What the task asks —
Please set down exactly the lines of the listing below from the line containing "Page 6 of manga Kaede to Suzu 3" through the line containing "Schuhe in der", both lines included, leaving out all other lines.

** Opening Extracted data block **

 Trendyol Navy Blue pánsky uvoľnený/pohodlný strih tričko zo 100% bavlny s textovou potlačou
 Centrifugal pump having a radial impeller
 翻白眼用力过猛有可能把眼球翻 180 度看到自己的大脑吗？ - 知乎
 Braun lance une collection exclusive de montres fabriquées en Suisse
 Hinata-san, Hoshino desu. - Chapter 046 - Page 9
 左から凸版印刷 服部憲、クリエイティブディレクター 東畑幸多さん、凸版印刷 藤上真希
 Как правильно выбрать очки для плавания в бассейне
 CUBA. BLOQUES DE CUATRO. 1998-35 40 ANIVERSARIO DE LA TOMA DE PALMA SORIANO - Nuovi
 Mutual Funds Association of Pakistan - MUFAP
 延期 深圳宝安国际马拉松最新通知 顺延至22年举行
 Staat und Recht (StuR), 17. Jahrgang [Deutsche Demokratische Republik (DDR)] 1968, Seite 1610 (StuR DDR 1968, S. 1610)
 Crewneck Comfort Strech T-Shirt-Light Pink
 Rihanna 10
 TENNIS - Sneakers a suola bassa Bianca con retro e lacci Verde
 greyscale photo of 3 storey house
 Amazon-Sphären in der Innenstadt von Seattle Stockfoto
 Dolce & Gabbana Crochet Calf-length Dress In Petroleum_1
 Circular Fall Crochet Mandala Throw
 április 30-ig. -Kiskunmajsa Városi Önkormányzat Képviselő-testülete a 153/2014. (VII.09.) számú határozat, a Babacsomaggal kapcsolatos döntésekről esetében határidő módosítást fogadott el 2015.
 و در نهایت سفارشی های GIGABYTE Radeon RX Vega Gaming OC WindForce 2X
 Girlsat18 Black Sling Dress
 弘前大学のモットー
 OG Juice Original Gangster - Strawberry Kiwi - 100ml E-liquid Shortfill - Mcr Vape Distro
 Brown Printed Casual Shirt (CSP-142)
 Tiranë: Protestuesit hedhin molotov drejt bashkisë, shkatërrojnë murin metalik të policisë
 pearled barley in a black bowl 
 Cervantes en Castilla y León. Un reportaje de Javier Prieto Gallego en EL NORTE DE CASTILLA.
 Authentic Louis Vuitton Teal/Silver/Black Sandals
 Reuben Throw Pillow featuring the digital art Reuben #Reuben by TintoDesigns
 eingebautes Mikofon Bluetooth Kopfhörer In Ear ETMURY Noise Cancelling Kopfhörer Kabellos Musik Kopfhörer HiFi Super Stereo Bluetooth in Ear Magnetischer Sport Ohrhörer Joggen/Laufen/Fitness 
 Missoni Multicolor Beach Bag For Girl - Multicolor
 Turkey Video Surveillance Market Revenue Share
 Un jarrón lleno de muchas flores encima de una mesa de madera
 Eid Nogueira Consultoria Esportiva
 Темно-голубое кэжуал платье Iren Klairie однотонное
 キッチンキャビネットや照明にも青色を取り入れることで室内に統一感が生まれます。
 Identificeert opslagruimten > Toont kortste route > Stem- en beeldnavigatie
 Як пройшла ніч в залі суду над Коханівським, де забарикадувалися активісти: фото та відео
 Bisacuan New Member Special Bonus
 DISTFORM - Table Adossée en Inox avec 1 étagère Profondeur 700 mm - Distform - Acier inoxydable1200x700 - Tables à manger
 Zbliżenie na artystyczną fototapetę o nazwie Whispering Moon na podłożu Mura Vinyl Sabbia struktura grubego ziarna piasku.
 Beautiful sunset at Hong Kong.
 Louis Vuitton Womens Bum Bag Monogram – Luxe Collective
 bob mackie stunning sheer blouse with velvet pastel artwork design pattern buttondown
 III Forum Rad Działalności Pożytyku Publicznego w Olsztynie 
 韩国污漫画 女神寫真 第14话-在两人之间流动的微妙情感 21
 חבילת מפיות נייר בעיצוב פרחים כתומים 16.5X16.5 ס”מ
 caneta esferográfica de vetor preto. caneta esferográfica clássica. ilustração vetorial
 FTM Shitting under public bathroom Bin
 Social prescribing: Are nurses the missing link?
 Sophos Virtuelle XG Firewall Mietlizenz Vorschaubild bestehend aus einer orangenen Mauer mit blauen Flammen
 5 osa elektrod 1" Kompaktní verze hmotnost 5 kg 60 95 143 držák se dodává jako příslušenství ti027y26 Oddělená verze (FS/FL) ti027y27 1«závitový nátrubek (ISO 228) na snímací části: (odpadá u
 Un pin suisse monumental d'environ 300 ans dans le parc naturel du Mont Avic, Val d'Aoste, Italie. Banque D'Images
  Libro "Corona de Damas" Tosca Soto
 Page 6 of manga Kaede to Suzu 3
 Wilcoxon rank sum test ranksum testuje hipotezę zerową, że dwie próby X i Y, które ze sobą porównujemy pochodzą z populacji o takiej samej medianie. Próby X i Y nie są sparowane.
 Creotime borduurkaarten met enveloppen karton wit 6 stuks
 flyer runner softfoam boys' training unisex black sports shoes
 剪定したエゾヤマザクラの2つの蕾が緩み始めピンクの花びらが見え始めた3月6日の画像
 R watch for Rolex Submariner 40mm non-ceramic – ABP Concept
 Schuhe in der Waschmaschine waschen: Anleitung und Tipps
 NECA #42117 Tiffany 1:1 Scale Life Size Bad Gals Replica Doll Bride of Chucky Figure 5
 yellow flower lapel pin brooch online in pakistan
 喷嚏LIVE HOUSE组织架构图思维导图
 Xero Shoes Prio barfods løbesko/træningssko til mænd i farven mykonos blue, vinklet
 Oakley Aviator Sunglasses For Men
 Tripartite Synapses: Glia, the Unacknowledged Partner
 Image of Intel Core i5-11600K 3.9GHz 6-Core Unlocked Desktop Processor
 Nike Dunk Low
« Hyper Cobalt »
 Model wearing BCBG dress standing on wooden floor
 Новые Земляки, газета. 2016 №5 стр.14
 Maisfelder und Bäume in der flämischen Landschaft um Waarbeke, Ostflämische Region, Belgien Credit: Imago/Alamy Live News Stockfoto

** Closing Extracted data block **

Worked solution —
 Page 6 of manga Kaede to Suzu 3
 Wilcoxon rank sum test ranksum testuje hipotezę zerową, że dwie próby X i Y, które ze sobą porównujemy pochodzą z populacji o takiej samej medianie. Próby X i Y nie są sparowane.
 Creotime borduurkaarten met enveloppen karton wit 6 stuks
 flyer runner softfoam boys' training unisex black sports shoes
 剪定したエゾヤマザクラの2つの蕾が緩み始めピンクの花びらが見え始めた3月6日の画像
 R watch for Rolex Submariner 40mm non-ceramic – ABP Concept
 Schuhe in der Waschmaschine waschen: Anleitung und Tipps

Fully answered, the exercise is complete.